PageRank, of course, is only one of many methods that account for “strength of schedule.” We like it because of its mathematical elegance. The main novel idea of this paper—namely the introduction of two-year teams in order to compare across eras—can however be used with other such techniques as well.
MICHAEL KREBS conducted this research while at California State University, Los Angeles, where he has been a professor of mathematics since 2005.

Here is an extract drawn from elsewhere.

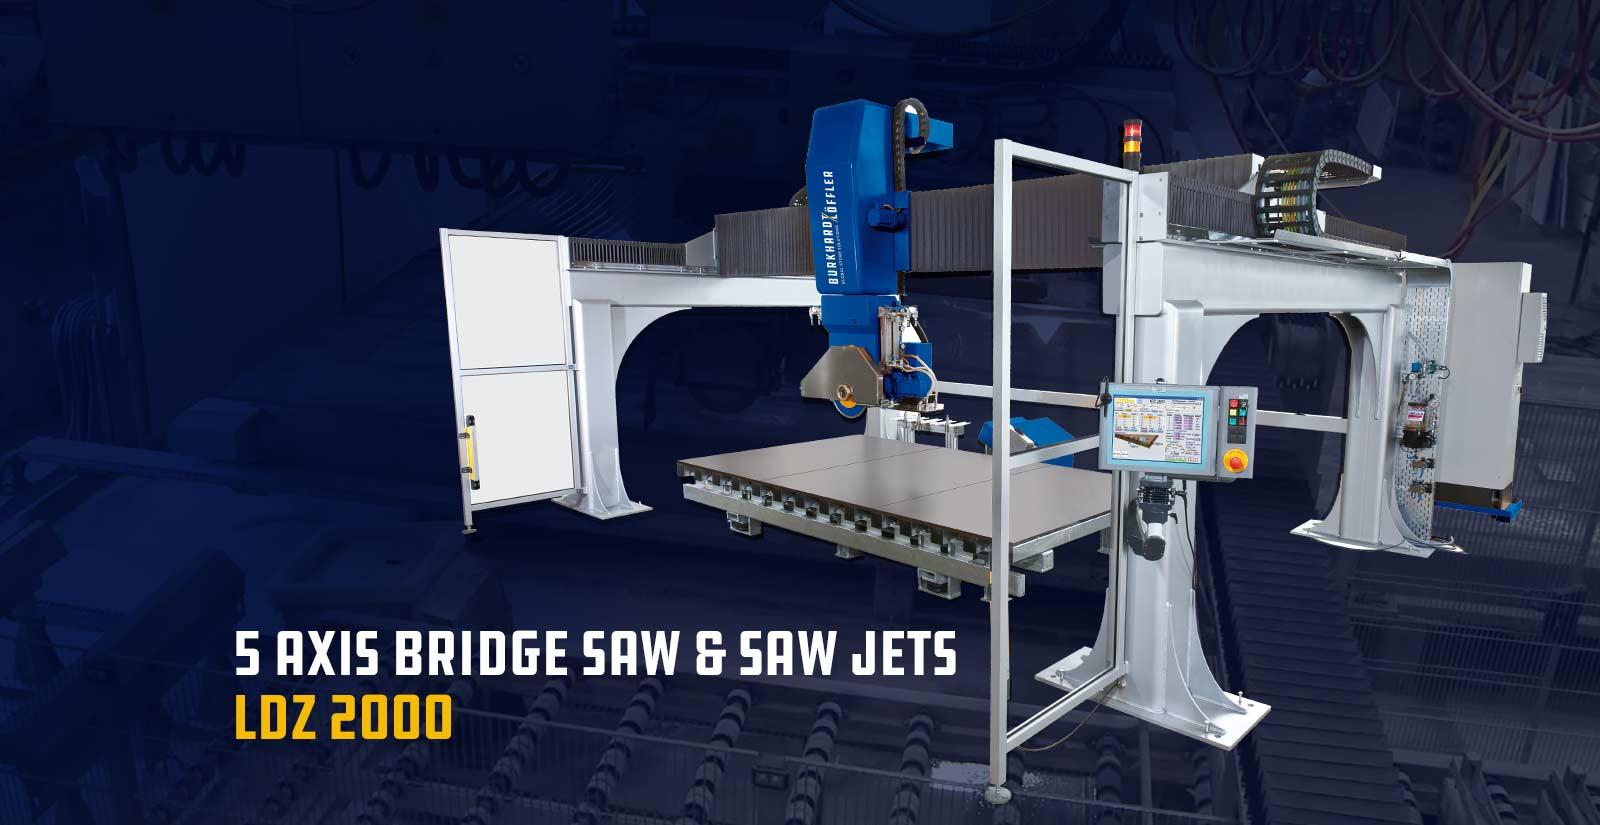 BRIDGE SAW

GWEN OSTERGREN has previously collaborated on projects in pure mathematics (more specifically, geometric graph theory) with Michael Krebs at California State University, Los Angeles. Collectively, they have published several articles in that field.
Acknowledgments
The authors would like to thank Jie Zhong for a helpful discussion. We would also like to thank Mike Freiman for informing us about the websites Baseball-Reference.com and Retrosheet, from which we collected all of the data used in this paper. In addition, we are grateful to the anonymous reviewers of our original manuscript; their many thoughtful comments substantially improved the final product. Moreover, we thank the Baseball Research Journal’s eagle-eyed fact checker Cliff Blau for spotting numerous errors and affording us the opportunity to correct them.
Notes
1. C.R. MacCluer, “The many proofs and applications of Perron’s theorem,” SIAM Review 42 (3), 2000, 487-498.
2. Sergey Brin and Lawrence Page, “The anatomy of a large-scale hypertextual web search engine,” Computer Networks and ISDN Systems, Vol. 30 (1-7), April 1998, 107-17.
3. Previous investigations of PageRank in sports include T.PE. Chartier, E. Kreutzer, A. N. Langville, and K. E. Pedings, “Sensitivity and stability of ranking vectors,” SIAMJ Sci. Comput. 33(3), 1077-102; A.Y. Govan, “Ranking theory with application to popular sports,” Thesis (PhD 2008) North Carolina State University; L.R. Zack, R. Lamb, and S. Ball (2012). “An application of Google’s PageRank to NFL rankings,” Involve 5(4), 463-71.